Significant levels of EBV-1 were detected in Group III (n = 21, 52.5%), followed by Group II (n = 16, 40%) and Group I (n = 2, 5%) (P < 0.0001). HCMV was not detected. A significant association of EBV-1 to periodontal site-specific parameters was observed in Group II patients (P < 0.05). EBV-1 was predominant with poor glycemic status patients.

Conclusion:

This study revealed that the incidence of herpes virus infection in periodontal patients was higher in diabetic patients and the examined patients were prone to EBV-1 infections.

INTRODUCTION

The most common complex disease that affects the oral cavity is periodontitis. It affects about 30%–50% of adults, with 7%–15% suffering from its severity.[1] Periodontitis is a deregulated inflammatory response that results in damage of tooth-supporting tissues. Collagen fiber breakdown in periodontal ligament results in periodontal pocket formation between gingiva and tooth. As this destruction progresses, it leads to deepening of pockets resulting in loss of attachment. Parallel to this progressing attachment loss, there is alveolar resorption leading to tooth mobility and tooth loss. The microbial species, host immune responses and ecosystem-based aspects are accountable for its development making it a multifactorial disease.[2] The risk factors also have an important role in patients with periodontal infection, which can be modifiable behavioral or nonmodifiable intrinsic factors.[3] According to the European Federation of Periodontology and the International Diabetes Federation report (2017), periodontitis and diabetes are chronic nontransmissible diseases that are independently allied with the mortality and are known to have a bidirectional relationship.[4] Type 2 diabetes mellitus (DM2) is a well-established risk factor for periodontitis.[5] The possible links between these two diseases are elevation in levels of oxidative stress, interleukin (IL)-1-β, tumor necrosis factor-α, IL-6, receptor activator of nuclear factor-kappa B ligand/osteoprotegerin ratio and expression of Toll-like receptor 2/4.[4]

Diabetic patients with uncontrolled diabetes and high levels of glycosylated hemoglobin (HbA1c) are subjected to high degree of attachment loss, alveolar destruction and elevated local inflammatory cytokines, compared to controlled diabetic patients.[6] This influences the subgingival atmosphere, thereby controlling the microbial profile of the individual. The evidences suggest that the occurrence of specific periodontal pathogens and the levels of HbA1c in DM2 patients with periodontitis are significantly associated.[7] Hence, in such cases, detection of the specific microorganisms subgingivally plays an important role in its local and systemic propositions.
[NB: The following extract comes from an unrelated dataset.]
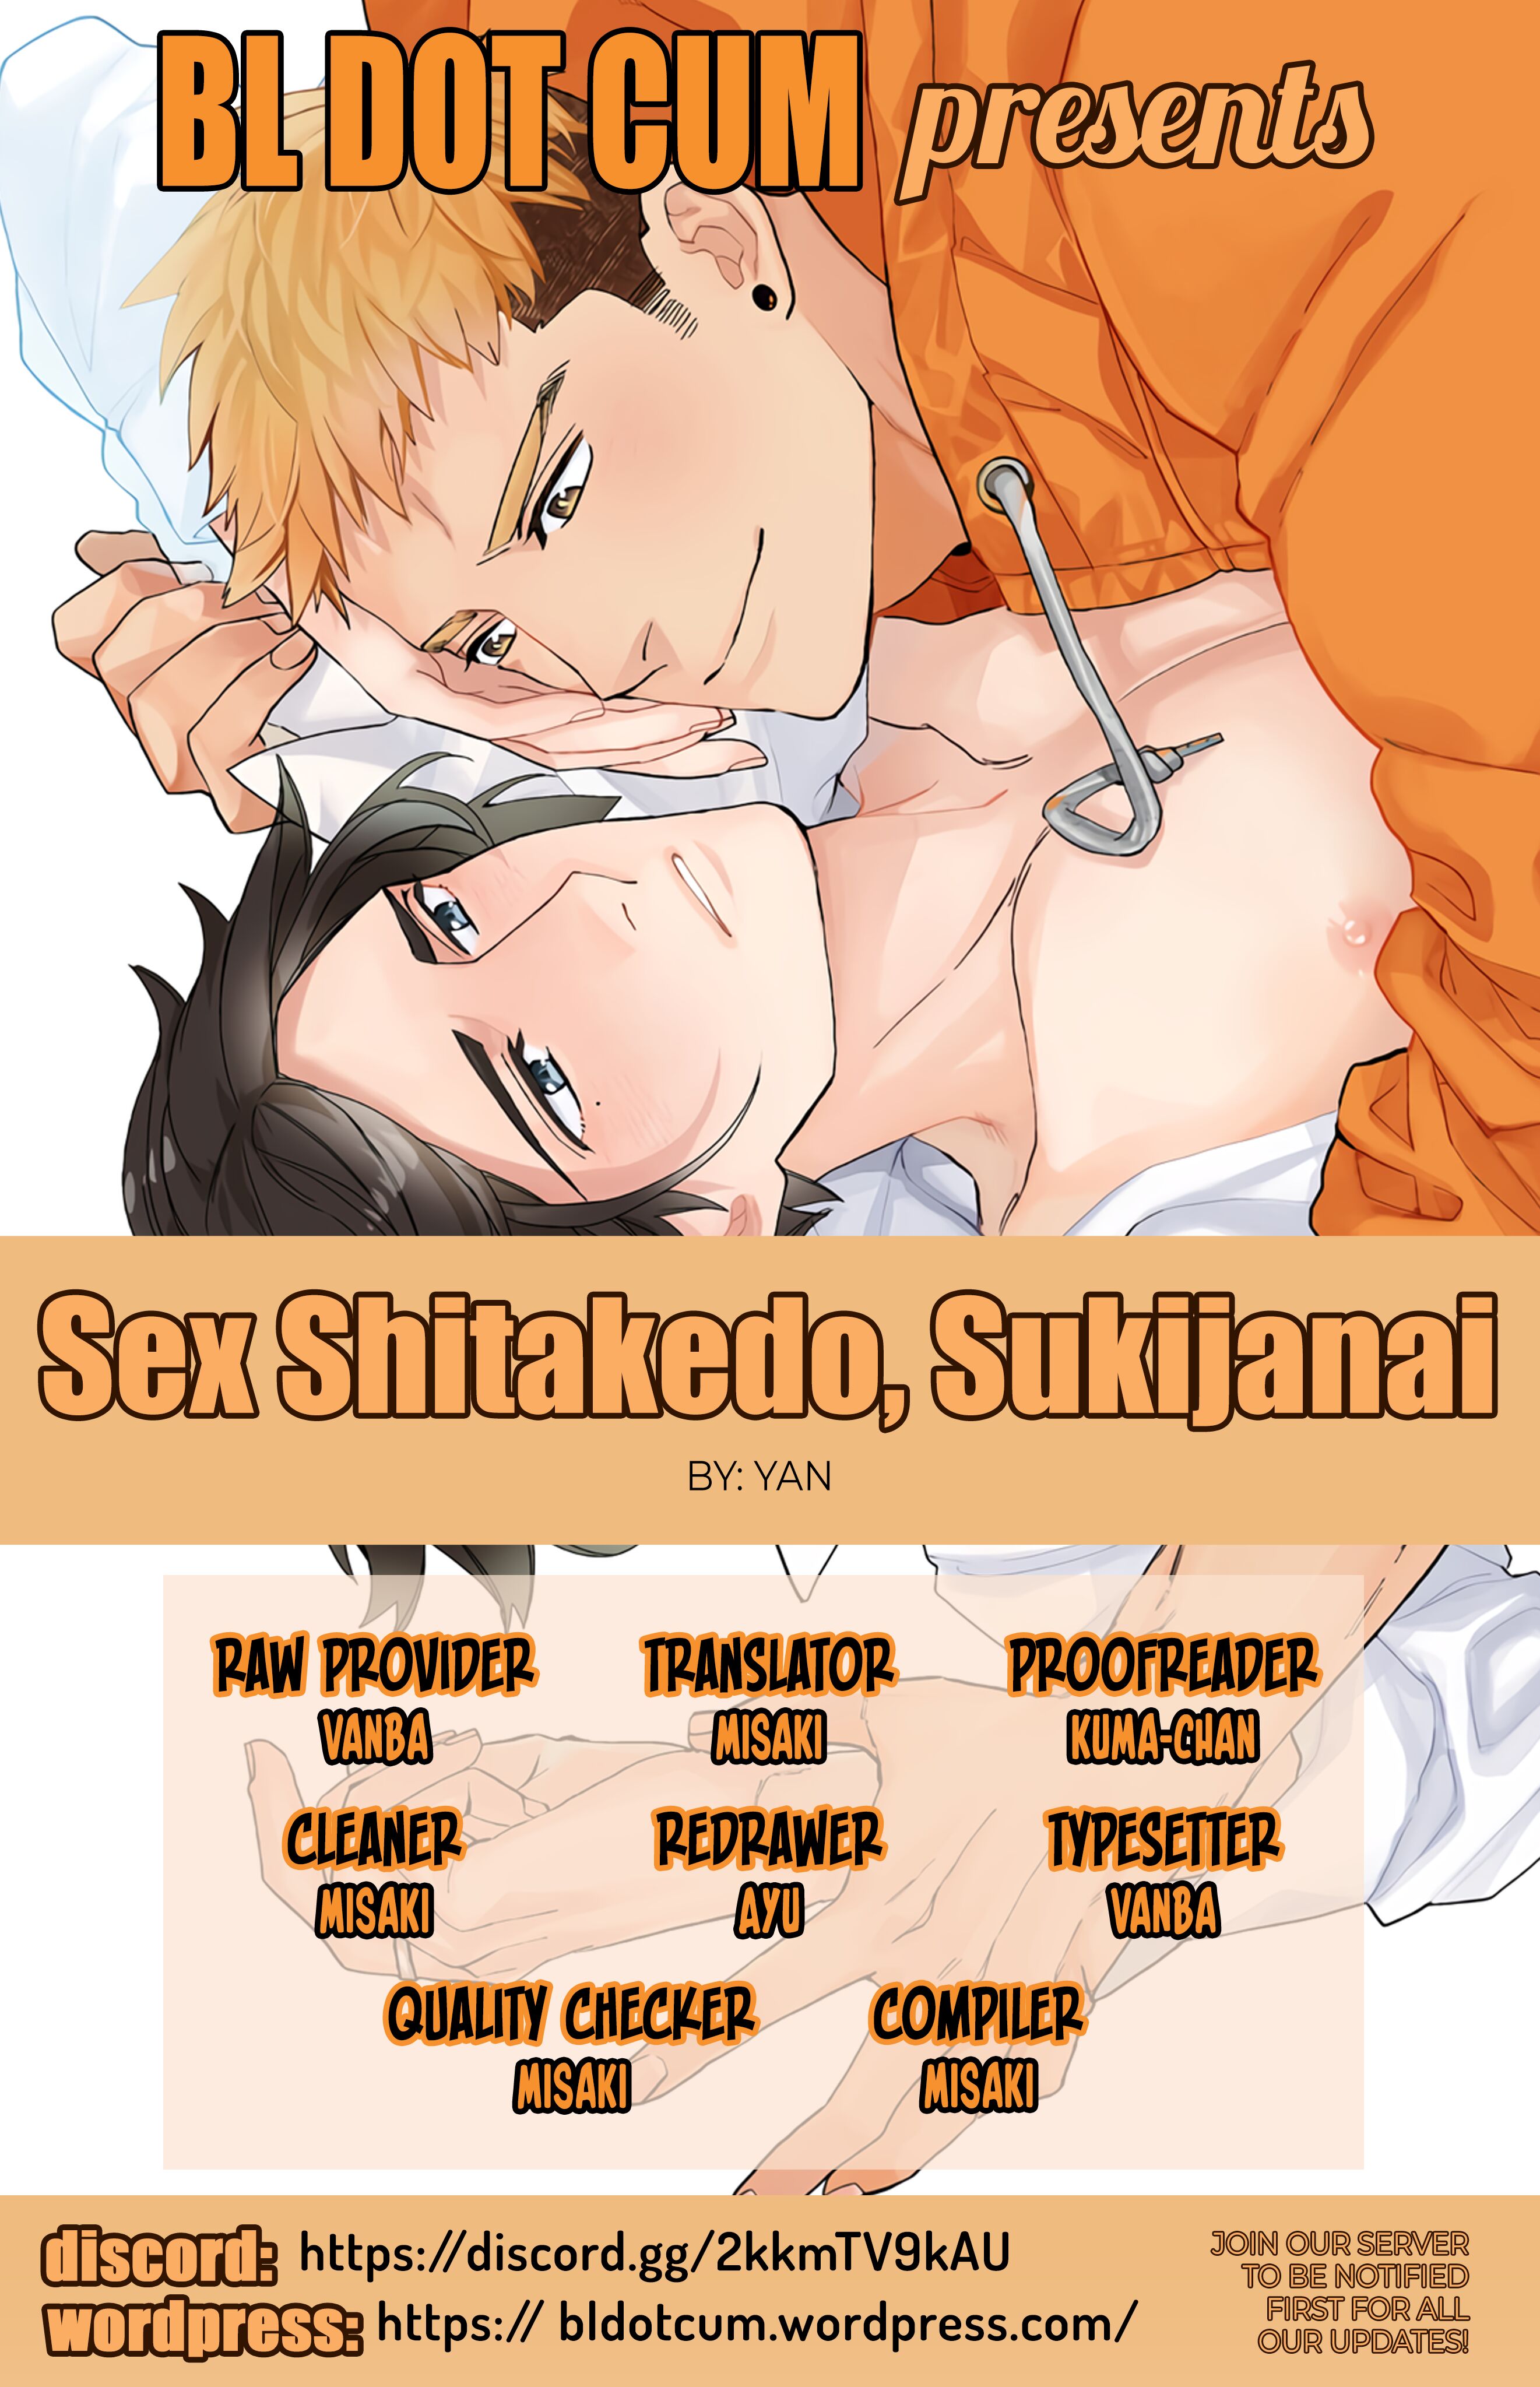 Sex Shitakedo, Sukijanai Chapter 1 - MyToon.net

Although bacterial plaque is the most common causative factor, it is unable to explain various facts such as site specificity of the disease, variations in progression of gingivitis into periodontitis and the destruction severity among the same and different individuals with similar bacterial load. Hence, it cannot be a solitary modulator of this complex disease. These facts have also spurred the efforts to uncover a supplementary etiologic factor for periodontitis.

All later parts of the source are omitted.